### THE INPUT
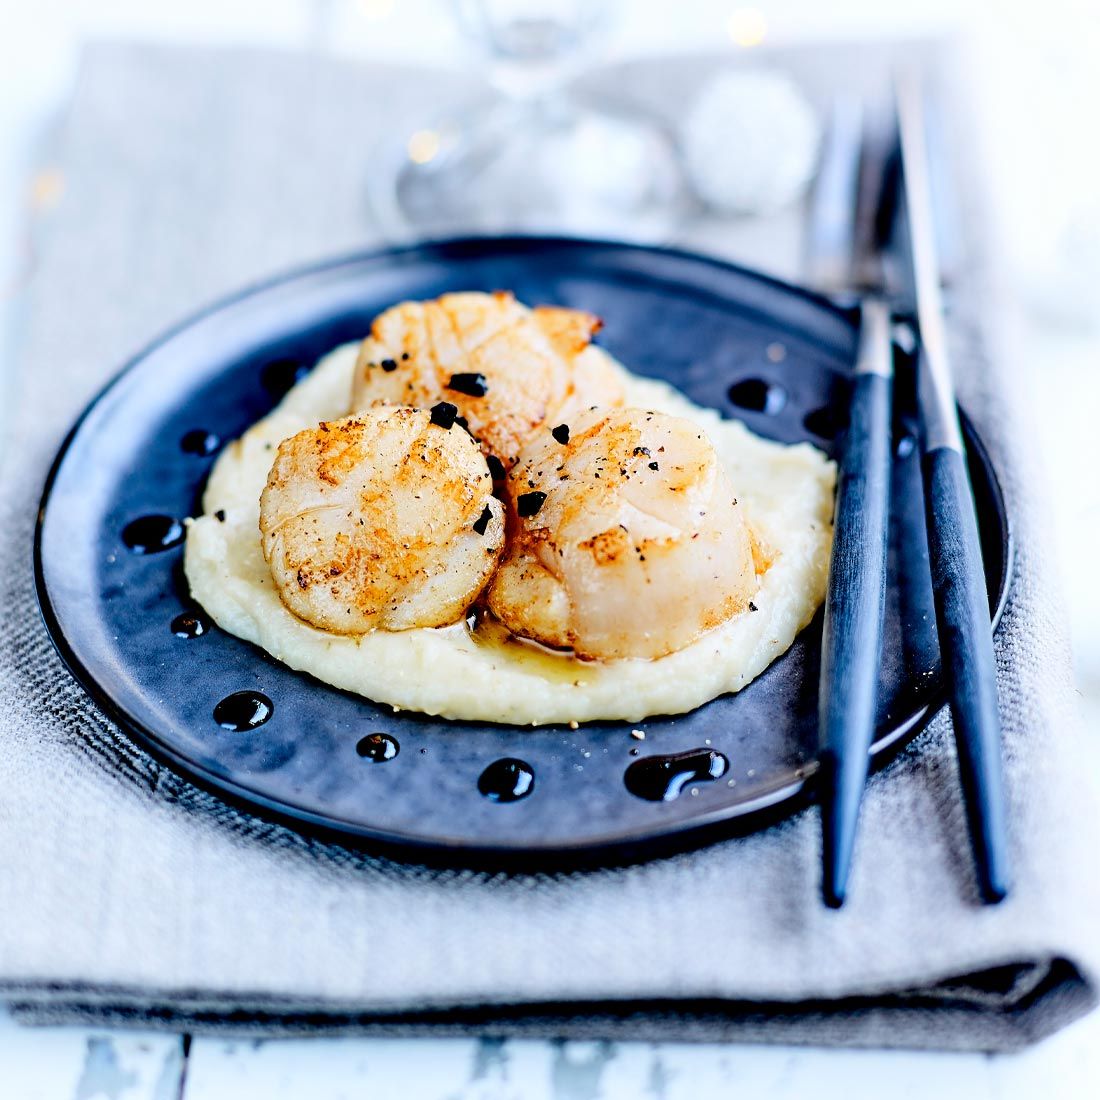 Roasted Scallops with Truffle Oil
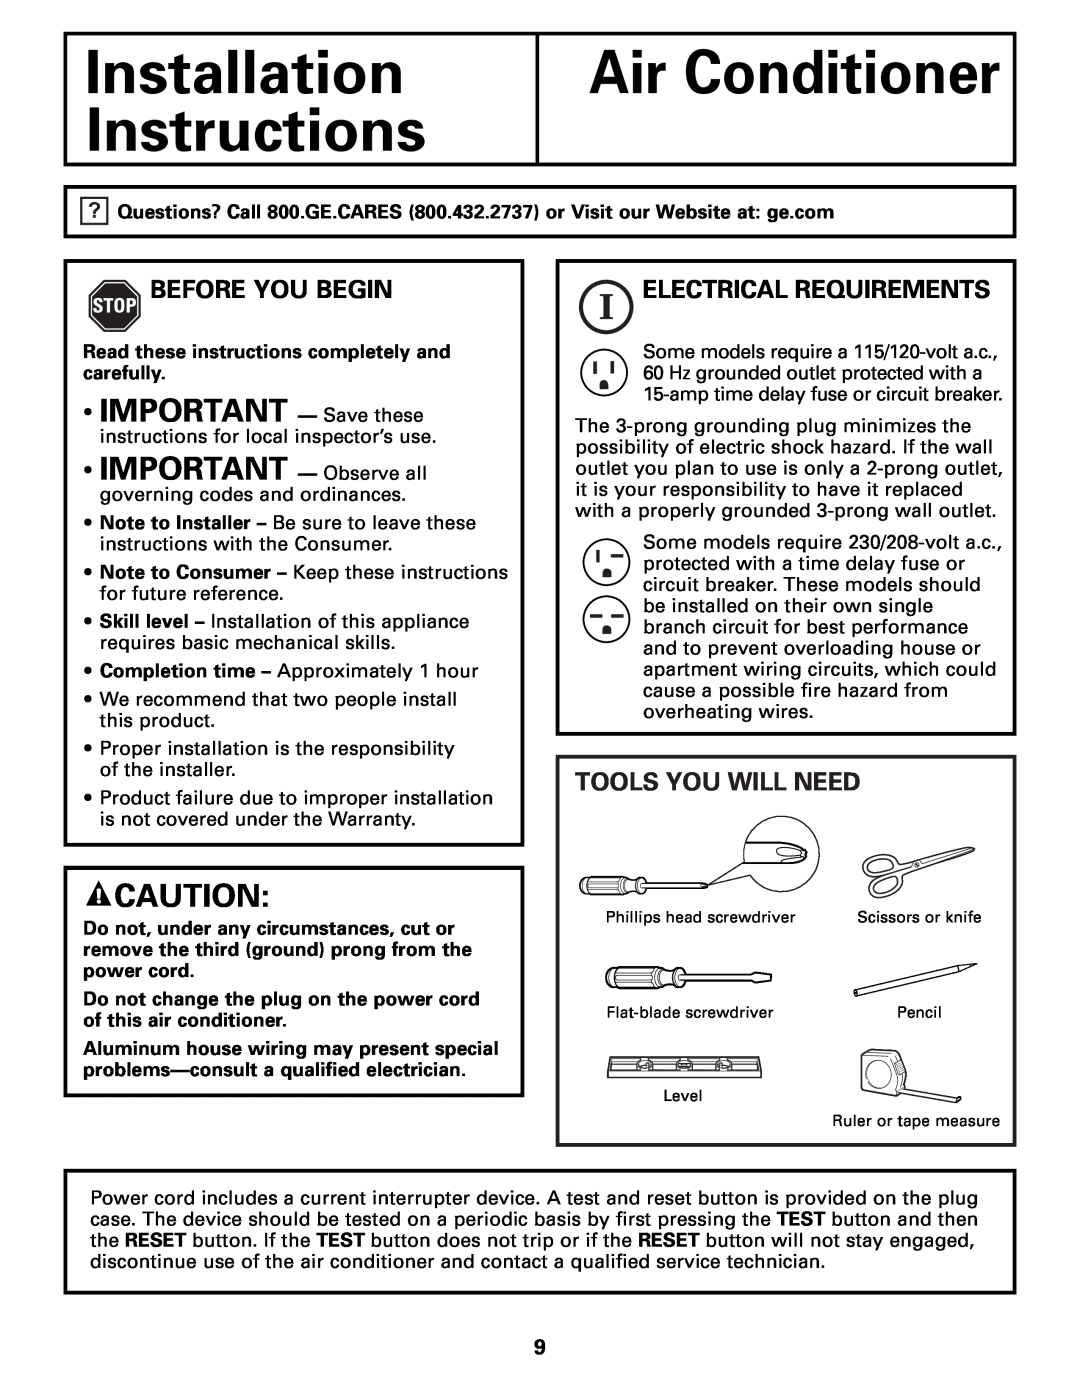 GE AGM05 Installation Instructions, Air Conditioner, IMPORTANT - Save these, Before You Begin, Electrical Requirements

--

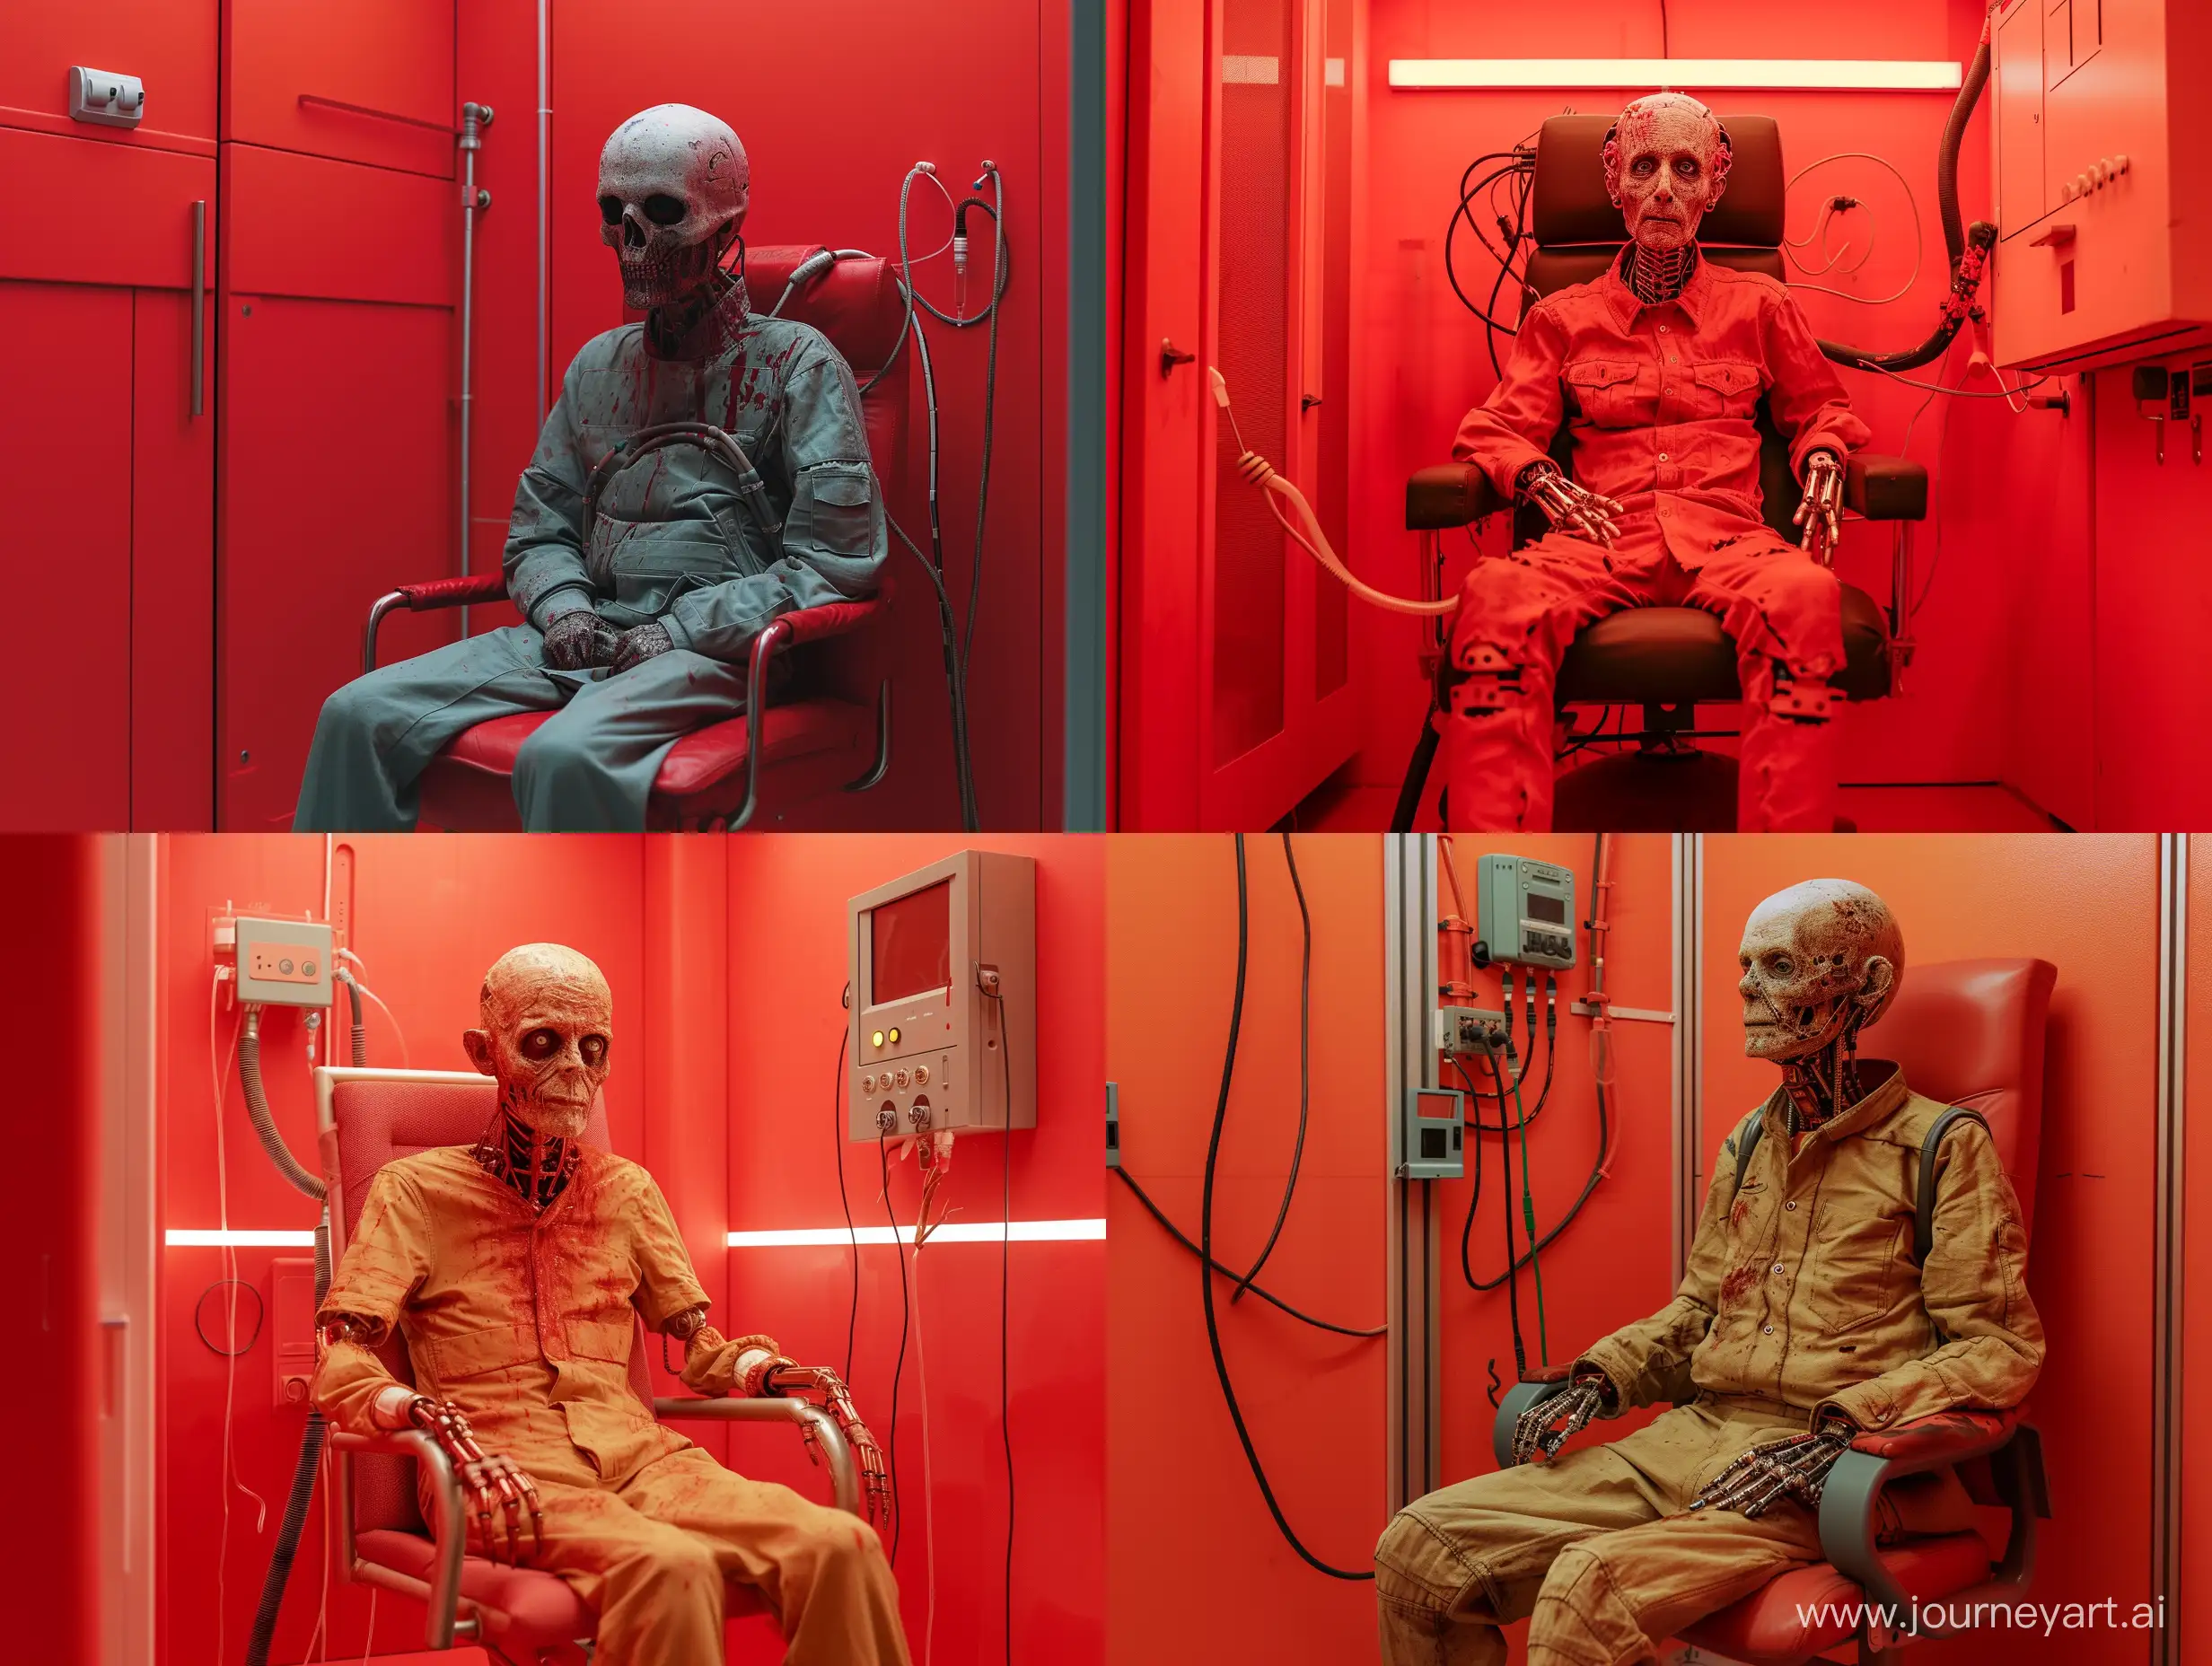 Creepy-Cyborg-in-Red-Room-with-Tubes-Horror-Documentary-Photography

### WORK ITEM
Return exactly the lines that appear in the data above between the line containing "Roasted Scallops with Truffle Oil" and the line containing "GE AGM05 Installation", both of which are included, and leave the pictures out.

### ANSWER TO THE PROBLEM
 Roasted Scallops with Truffle Oil
 GE AGM05 Installation Instructions, Air Conditioner, IMPORTANT - Save these, Before You Begin, Electrical Requirements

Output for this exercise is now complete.